Надел Ваня мешок за плечи, постромки подтянул по размеру. Марья как увидела его, совсем готового в путь, так сердечко заныло-заскребло. Она к груди сыновней приложилась, ладошкой погладила, так и хочет сказать: не ходи, мол, сынок, никуда, не надо! Но понимает – надо. И Иван мать к груди прижимает, – давно между ним и родительницей такого близкого заединства не было.

– Мам, – басит Иван.

– Что, Ванюша?

– А мне что – иголку-то и вправду, что ли, разламывать? Или сюда принести?

– А как мироедушка-то сказал?

Иван замялся, взгляд отводит, грудь чешет.

– Он… не успел сказать. Уснул он.

Марья вздохнула облегчённо.

– А ты, – говорит, – сам решай. Подумай – и поймёшь. Или нет: лучше сердца своего слушайся – оно точно не обманет. Голову задурманить можно, а сердце даже самому искусному обману не подвластно.

– Э-эх! – вздыхает Иван, затылок ладонью разглаживает. – Сначала надо ту иголку сыскать! Задача…

– А ты вот что, – говорит Марья. – Ступай перво-наперво к няньке своей, Яге Васильевне. Она завсегда души в тебе не чаяла, авось и теперь в помощи не откажет. Может быть, знает старая карга, где трофей батюшкин искать, хотя бы направление подскажет.

Объяснила Марья сыну, как в лесу избушку найти, точный адрес на бумажку записала.

Вышли мать с сыном на двор – пришёл час прощания.

– Мимо болота иди, – Марья говорит, а сама слёзы едва сдерживает, – а потом возьми ориентиром колодец, в котором в позапрошлом годе отец Трофим утоп. От того колодца смотри всё по памятке мо… – не договорила, всхлипом подавилась.

Иван говорить не стал, обнял мать одной рукой, поцеловал в волосы и – из ворот вон. Пошёл, не оглядываясь.

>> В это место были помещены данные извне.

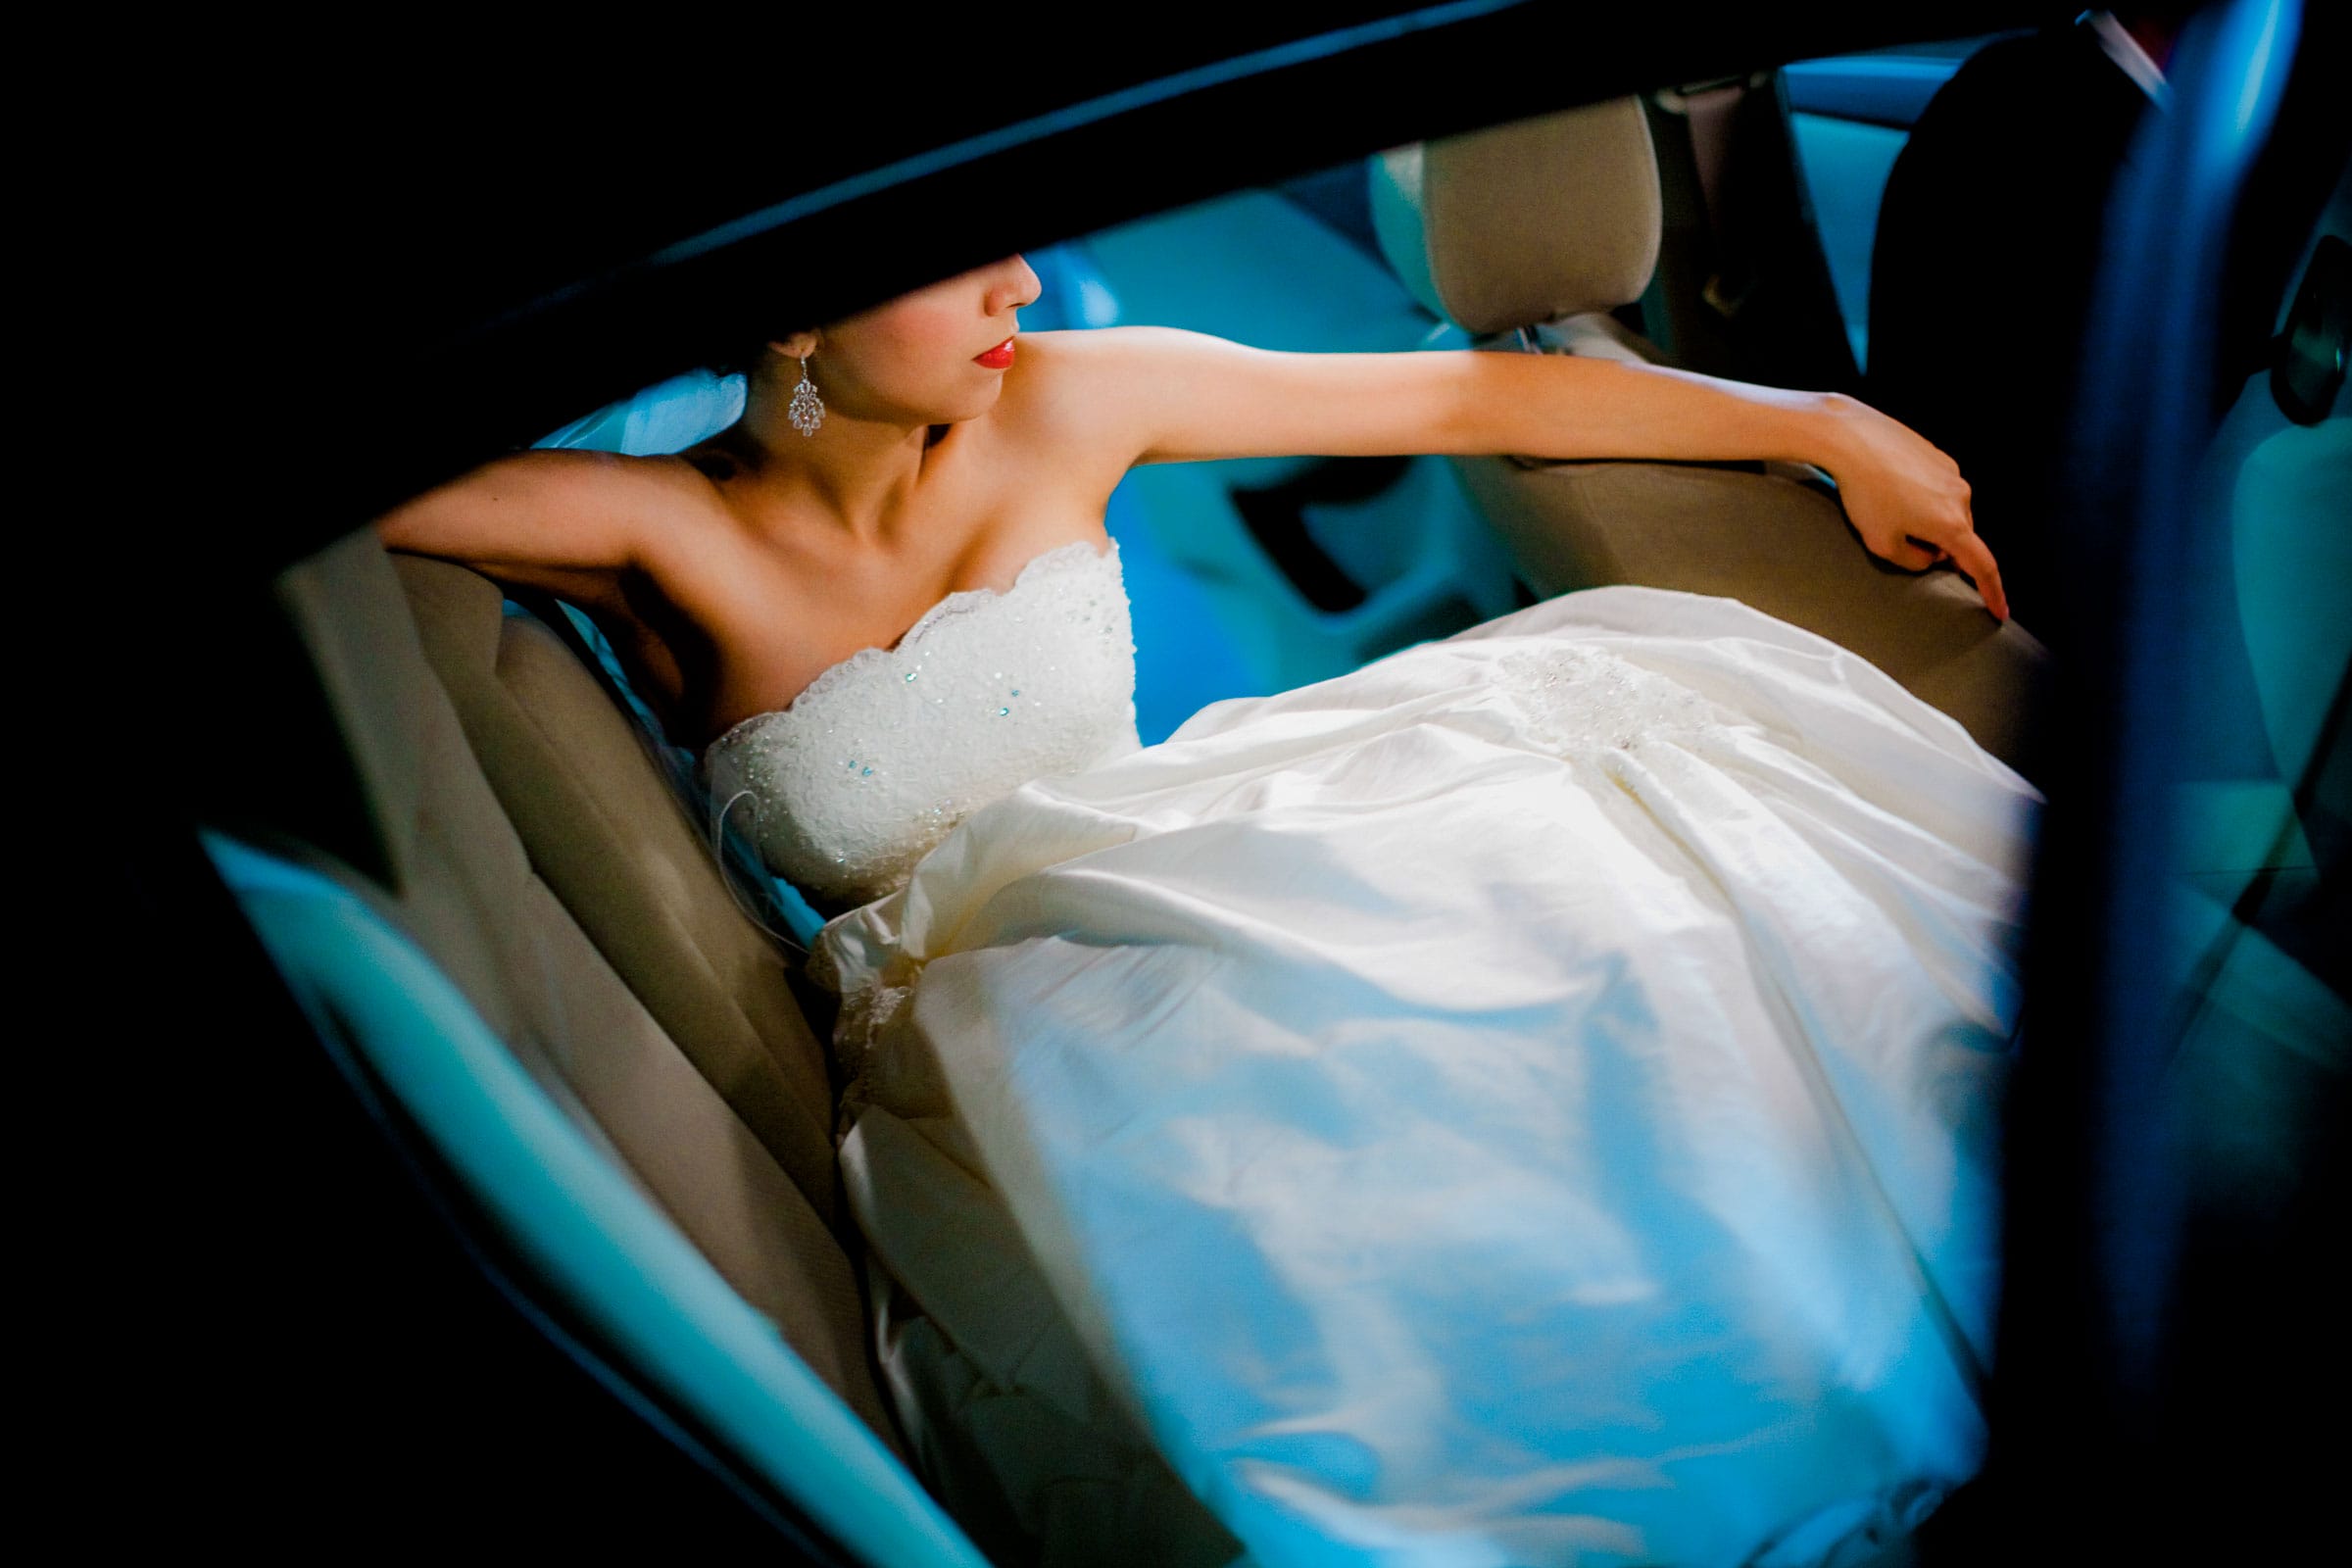 bride-in-a-car-at-night-mscb1124a.jpg

Глядит Марья вслед, косыночкой машет.

– Ступай, сынок, – вздыхает тихо. – Может, себя найдёшь. Коли вернёшься – значит, бессмертный ты, Кощей Кощеевич. А не вернёшься… стало быть, другая у тебя судьба – человеческая, зыбкая.

4. Заколдованный колодец

Вот уж идёт Иван, Кощеев сын, по торной дорожке, путь к лесу держит. Прошёл полем, прошёл лугом, прошёл косогором. А в природе стоит чистый апрель, без всякой посторонней примеси. Кое-где ручьи ещё пробегают, а на светлых местах уже сухость такая, что трава вершки свои показала. Почки наметились, завязь образовалась, снегу и в помине нету. В полдень солнце светит красное, позрелое, а к вечеру холодок понизу стелится, вяжет ходокам ноги, дневных зверей в норы гонит, ночным сигнал подаёт – на охоту, мол, пора, мазурики лесные! Птахи малые вернулись из отпусков, за строительство принялись, песни на родном языке вспомнили. Словом, хорошо на свете в серёдке весны – лучше не сыскать!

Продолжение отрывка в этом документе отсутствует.